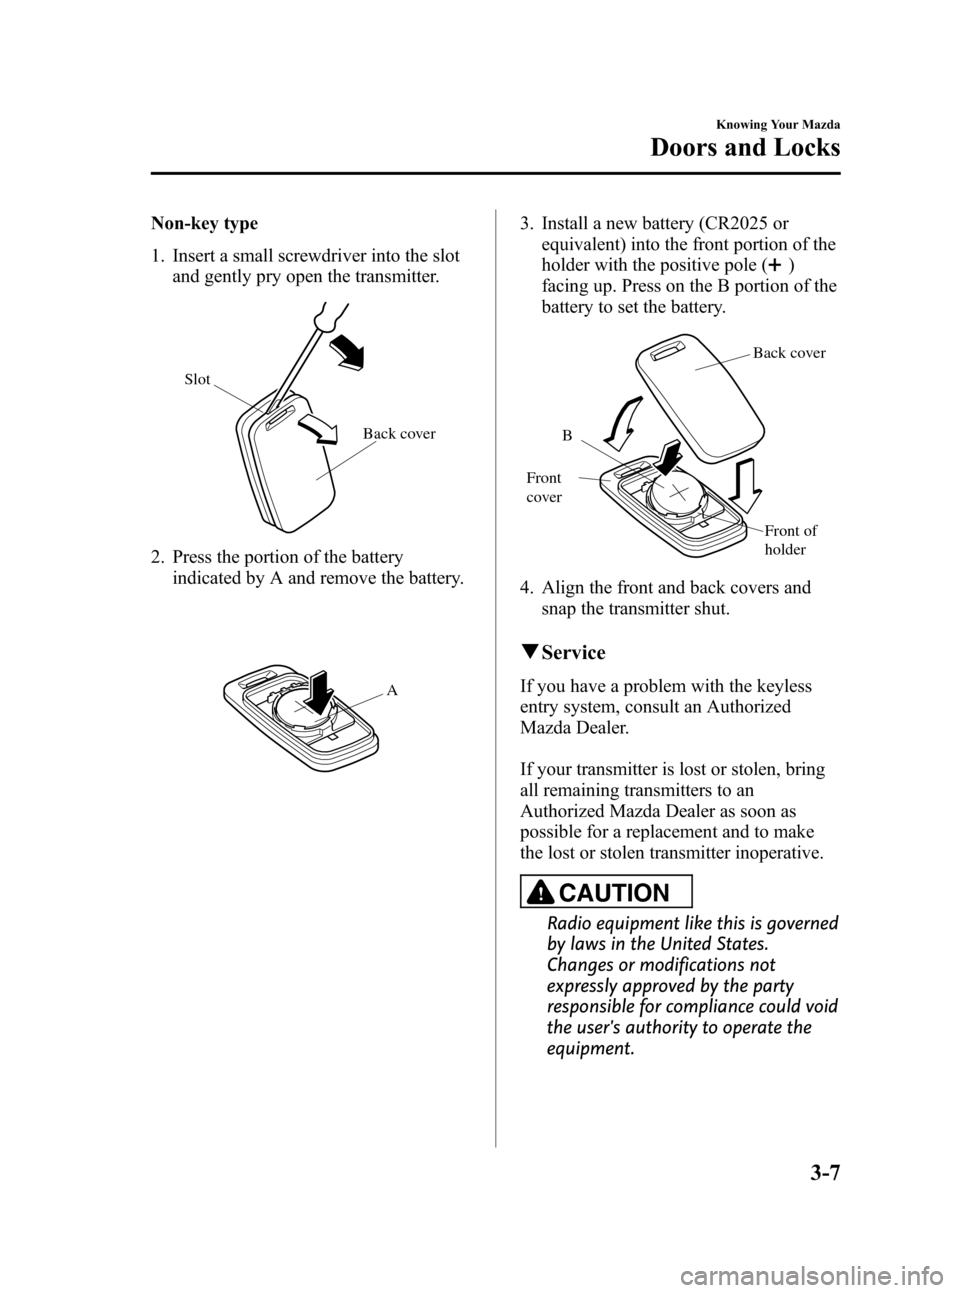 MAZDA MODEL 3 HATCHBACK 2008   (in English) Manual PDF Black plate (79,1)
Non-key type
1. Insert a small screwdriver into the slot
and gently pry open the transmitter.
Back cover Slot
2. Press the portion of the battery
indicated by A and remove the batte
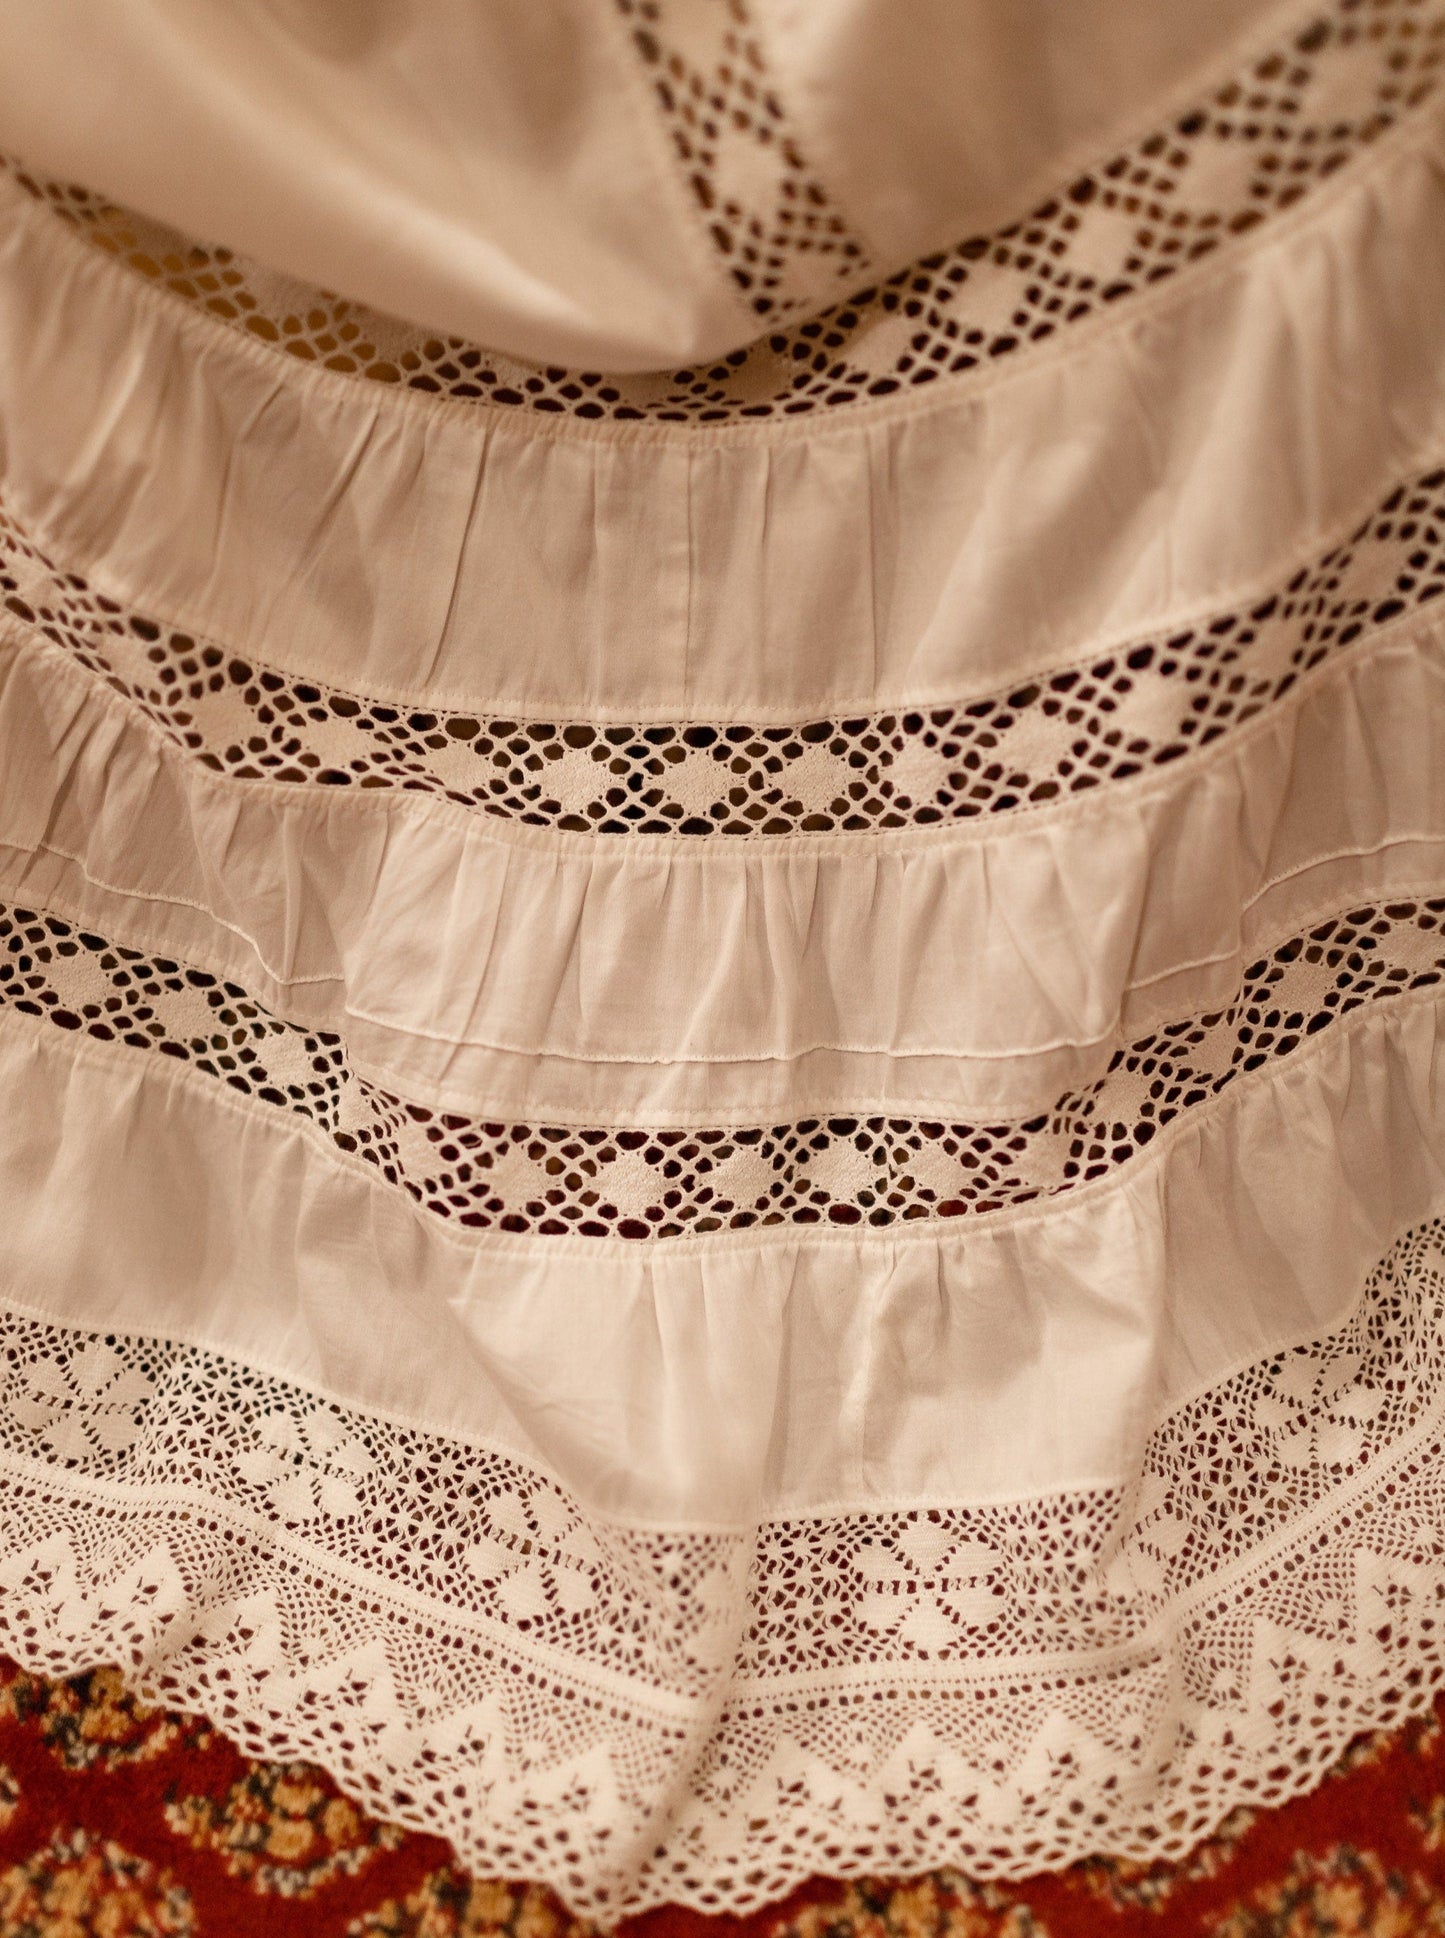 Delicate Beauty - Victorian Inspired Night Gown in White Cotton

══════

### What to work on
Because the copy must hold no pictures, return only the lines that run from the line containing "2. Press the portion of the battery" to the end of the data above, each exactly as it stands.

### Written reply
2. Press the portion of the battery
indicated by A and remove the batte
 Delicate Beauty - Victorian Inspired Night Gown in White Cotton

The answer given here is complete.